Accordingly, at the effective filing date of the claimed invention, it would have been prima facie obvious to one of ordinary skill in the art to modify the combination of Guo and Hanagandi to incorporate the hardware implementation of convolution computation as taught by Hanagandi. One would have been motivated to make such a combination in order to reduce the area and energy consumption associated with convolution computations. Doing so would enable efficient neural network processing (Hanagandi [0025]-[0026]).
Regarding Original Claim 14,
The claim recites substantially similar limitations as corresponding claim 2 and is rejected for similar reasons as claim 2 using similar teachings and rationale.
Regarding Original Claim 20,
The claim recites substantially similar limitations as corresponding claim 8 and is rejected for similar reasons as claim 8 using similar teachings and rationale.
Regarding Original Claim 21,
The claim recites substantially similar limitations as corresponding claim 9 and is rejected for similar reasons as claim 9 using similar teachings and rationale.
Regarding Original Claim 22,
The claim recites substantially similar limitations as corresponding claim 10 and is rejected for similar reasons as claim 10 using similar teachings and rationale.
Regarding New Claim 31,
As established earlier, the claim exhibits a 112(a) and 112(b) issues, and hence for the purposes of examination, the claim is broadly interpreted to recite:
“A processing system capable of performing machine learning, comprising:
at least one memory storing computer-executable instructions; and
one or more processors configured to execute the computer-executable instructions and cause the processing system to: …etc.”
Accordingly, the claim recites substantially similar limitation as corresponding claims 1 and 13 and is rejected for similar reasons as claim 1 and 13 using similar teachings and rationale.
New claim 31 further recites “dynamically configure, at runtime, a number of loops for a convolution layer of an elastic bottleneck block in a machine learning model architecture executable on the edge device”

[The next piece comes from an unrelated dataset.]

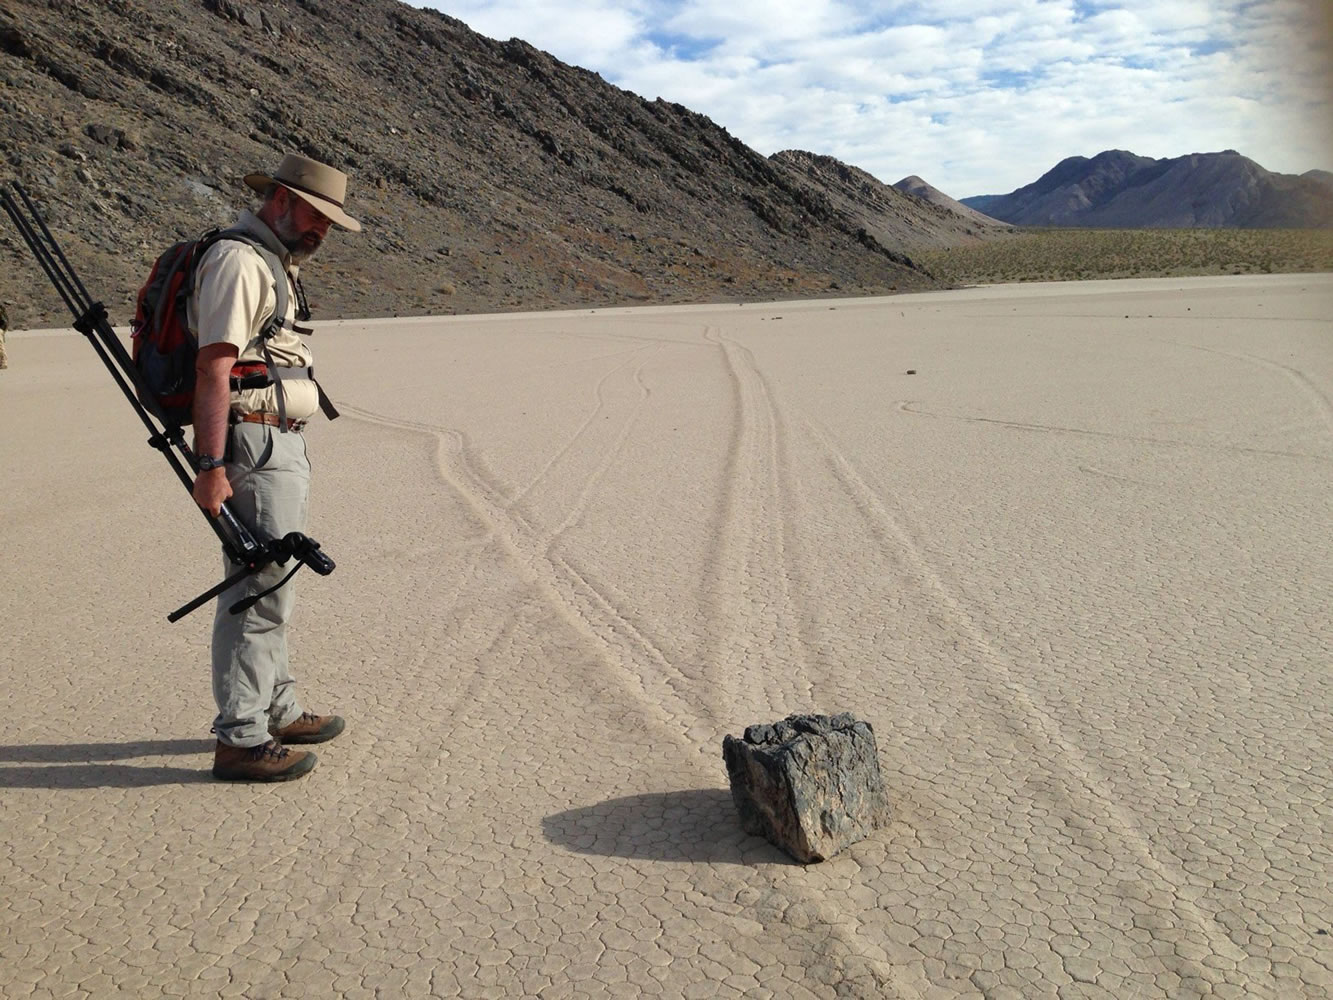 Richard Norris surveys one of several hundred rocks that have left trails as they moved across the surface of Racetrack Playa in California's Death Valley National Park on Aug. 18.

Guo also teaches: [P. 2, Section ] “DRNN, combined with the gate unit and I-LVBN, achieves even better performance while accelerating the inference of deep networks. To evaluate DRNN, we use MobileNetV2 [33] and ResNet [13] as the base models on classification and other visual tasks. We approve that, with the progressive strategy designed for recursive network, Dynamic Recursive (DR) ResNet-53 outperforms ResNet-101 while reducing model parameters by 47.0% and computational cost by 35.2%. Further, we study the dynamic recursive behavior of the learned model and reveal the relation between the image saliency and the number of loop time.” [P. 2, Col. 2] “Thanks to the loop structure controlled by gate units, DRNN could reuse one block dynamically. In experiments, we prove even compact model like MobileNetV2 could be further improved by applying the dynamic recursive block.” [P. 7, Section: 4.2] “As expected, decreasing the target rate reduces computation time. Interestingly, increasing loop times leads to better result than reducing the execution rate. More loop time means that more high-level information is used to refine the low-level filters to get a stronger ability for representation. The recursive structure benefits feature re-usage. Due to our proposed approach for dynamic recursive networks is general, we also apply dynamic recursive block on MobileNetV2. The result show that the training of dynamic recursive models can be applied to convolution and depthwise-sparable convolution layers in different building blocks. These results indicate that the parameters of convolutional layer is underused and DRNN is an effective means to adaptively assemble network graph on the fly.”) [Examiner’s Note: the DRNN architecture is implemented in (and executed as part of) a machine learning architecture that is executable on the edge device (e.g., MobileNetV2 and ResNet).]
Regarding New Claim 32,
The claim recites substantially similar limitations as corresponding claim 2 and is rejected for similar reasons as claim 2 using similar teachings and rationale.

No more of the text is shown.